Workshop Instructions
Prerequisites
Please complete the setup before following these instructions.
Message from Andrew Ng
Watch Andrew Ng's special message for the Pie & AI: Pune event participants.
Explore
Explore the phi3:3.8b and gemma3:4b Open Source large language models (LLMs) in the Ollama model library. Note their sizes and intended uses. Do any intended uses match your requirements?
Look up Ollama cloud models. Find out which models are available as Ollama cloud models and when to use them.
Generate Content with Locally-Run Open Source Models
Running Open Source models locally gives you complete privacy, eliminates internet dependency, reduces costs, and provides full control over your AI interactions. Your data never leaves your device, making it ideal for sensitive work or areas with limited connectivity.
Popular tools for running models locally include Ollama, LM Studio, and GPT4All. For this event, we'll be using Ollama to run models locally.
Demonstrate Offline Capability:
- Start the Ollama desktop application.
- From the Settings of the application, sign out of your Ollama account. Also, enable Airplane mode.
Ollama Settings - Signed Out with Airplane Mode Enabled
Now the Ollama desktop application cannot connect to the internet or access models available online.

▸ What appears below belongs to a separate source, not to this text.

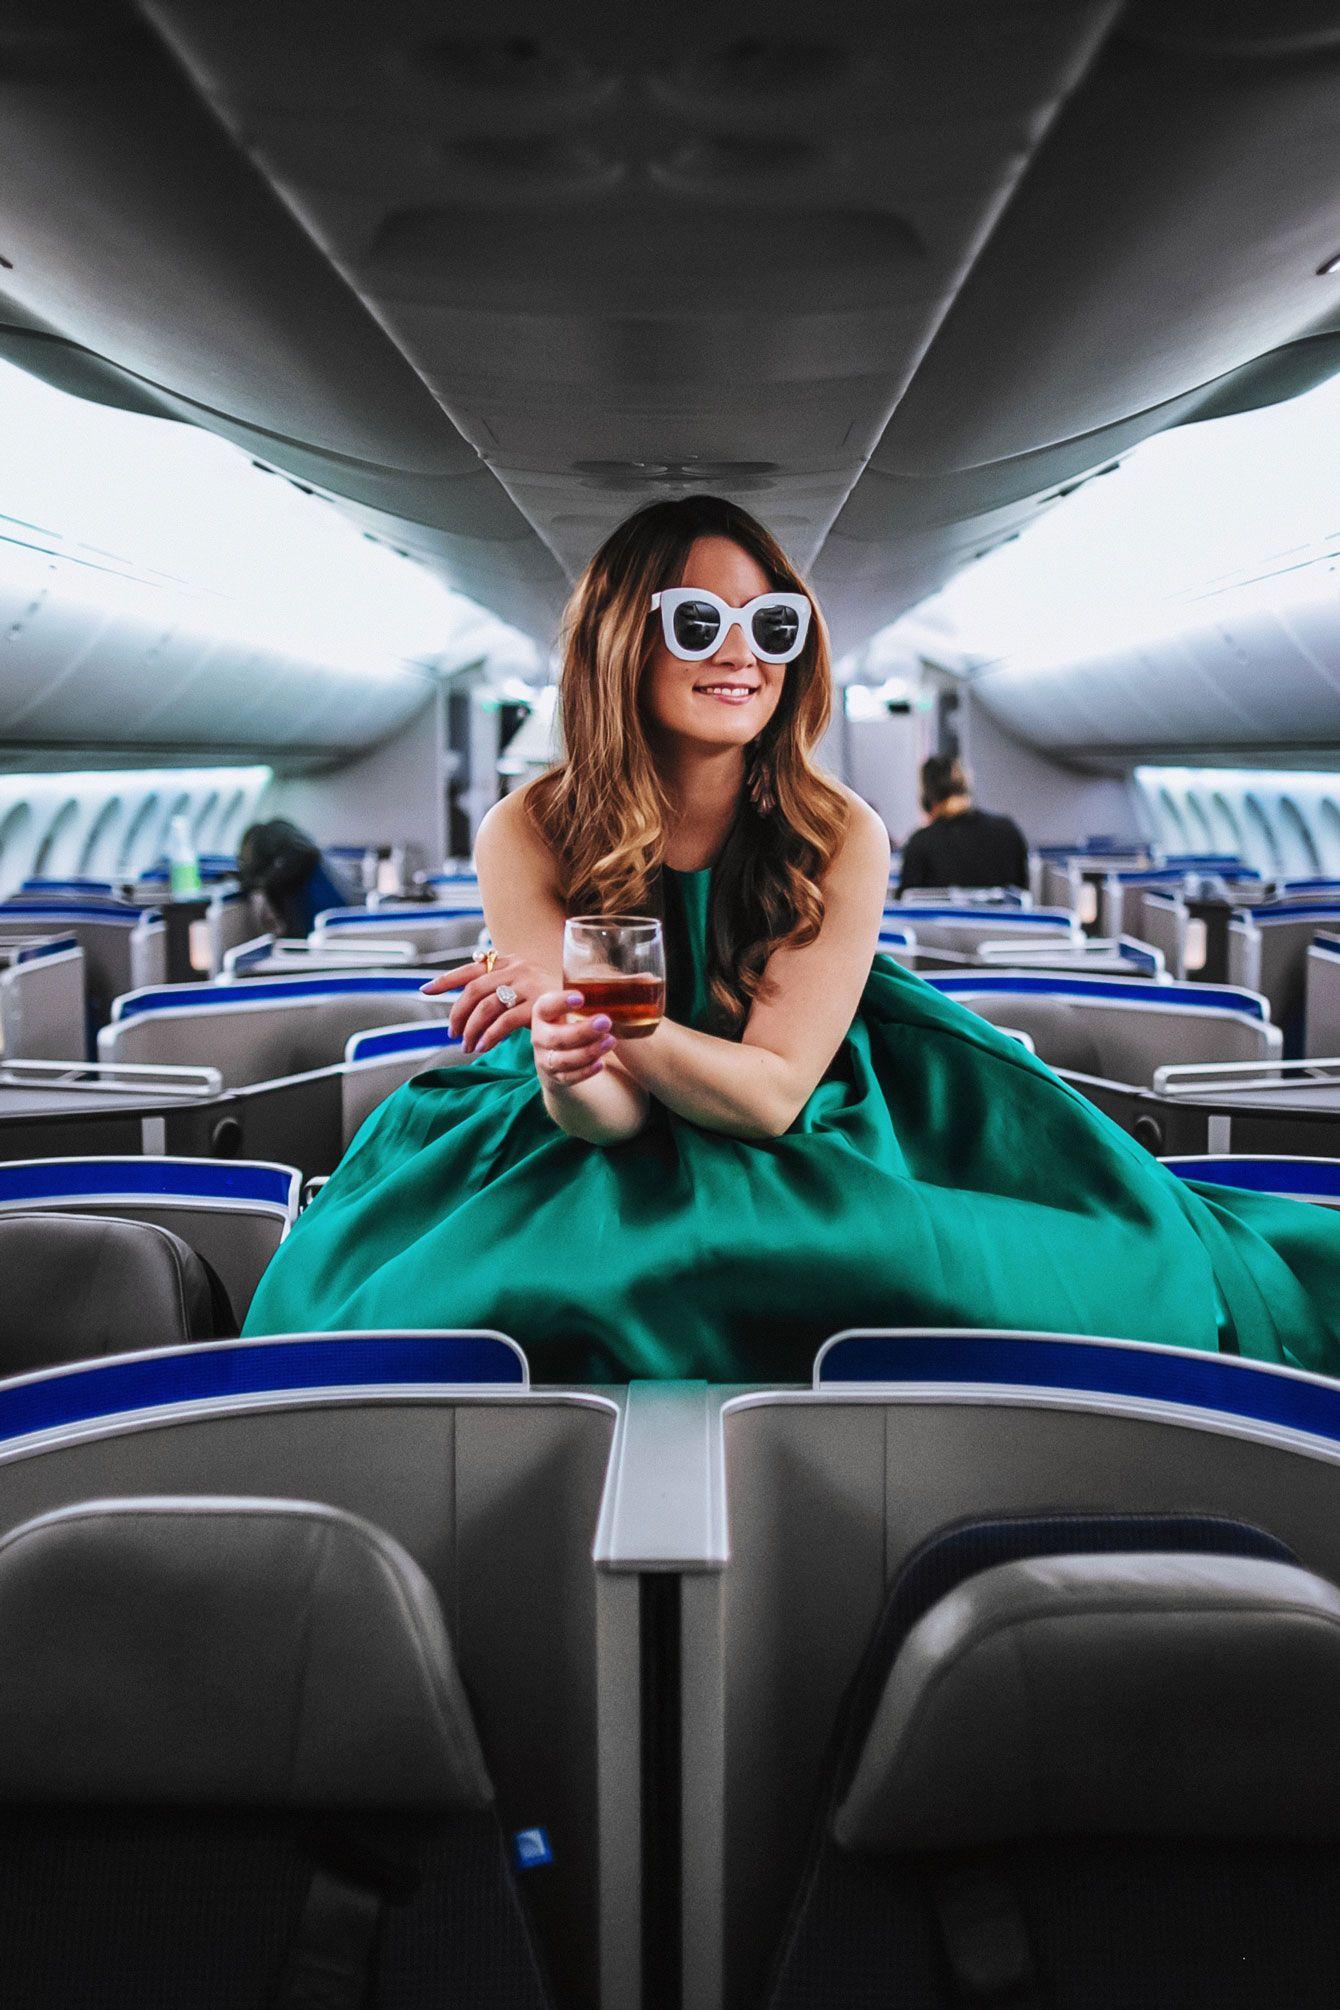 United 78710 dreamliner launch the unit travel

Note: These steps are only to emphasize that the installed models can run locally, stand-alone, without connectivity. Actually, Ollama by default runs smaller models like phi3:3.8b and gemma3:4b this way without requiring you to sign out or enable Airplane mode.
Now you are ready to run the installed models locally and generate content using them.
Run a Model Using Ollama Desktop Application:
- In the Ollama desktop application, select the
phi3:3.8bmodel. - Submit a prompt to generate content. See some prompt examples here.
Running a model in the Ollama desktop application
- Click the Stop button to stop the running model.
Stopping a model in the Ollama desktop application
Run a Model Using Ollama Command Line Interface (CLI):
- In a Command Prompt or terminal, run the following command. The model is now running in prompt mode.
ollama run gemma3:4b - Enter your prompt text to generate content and press Enter. See some prompt examples here.
You should see a response appear in the CLI window.
Prompting a model using the Ollama CLI
- To exit the model's prompt mode at any time, enter the following command and press Enter.
/bye
Exit the model's prompt mode using the /bye command in Ollama CLI
- Stop the running model using the following command:
ollama stop <model_name>
Stopping a model using the ollama stop command
Troubleshooting: Failed model runs due to system memory errors
If you see "Error: 500 Internal Server Error: model requires more system memory than is available", your system doesn't have enough RAM for the selected model.
Insufficient memory error in CLI
Insufficient memory error in desktop application
Solutions:
- Check if other models are running using the
ollama pscommand. Stop the running models using theollama stop <model_name>before running your desired model again.
Checking model status and stopping models in the Ollama CLI
- Close other applications to free up RAM.
- Try a smaller model. For example, use phi3:mini instead of phi3:3.8b.
- Use Ollama cloud models like
gpt-oss:120b-cloud.
Generate Content Using Online Open Source Models
Models performing tasks like image generation require more computational resources and memory than text-only models. Therefore, they are run online instead of locally to ensure optimal performance and access to powerful hardware.
Ollama Cloud Models: Ollama provides access to larger, more capable models run on cloud, such as gpt-oss:120b-cloud, which would be impractical to run locally due to their massive size and resource requirements. Try prompting the gpt-oss:120b-cloud model in Ollama desktop application or from command line. See some prompt examples here.
Hugging Face Spaces: Hugging Face Spaces can also be used to run models online, providing free access to various AI models. For example, you can try the Qwen Image model for image generation and analysis tasks. Try prompting the Qwen Image model to generate images and infographics. See some prompt examples here.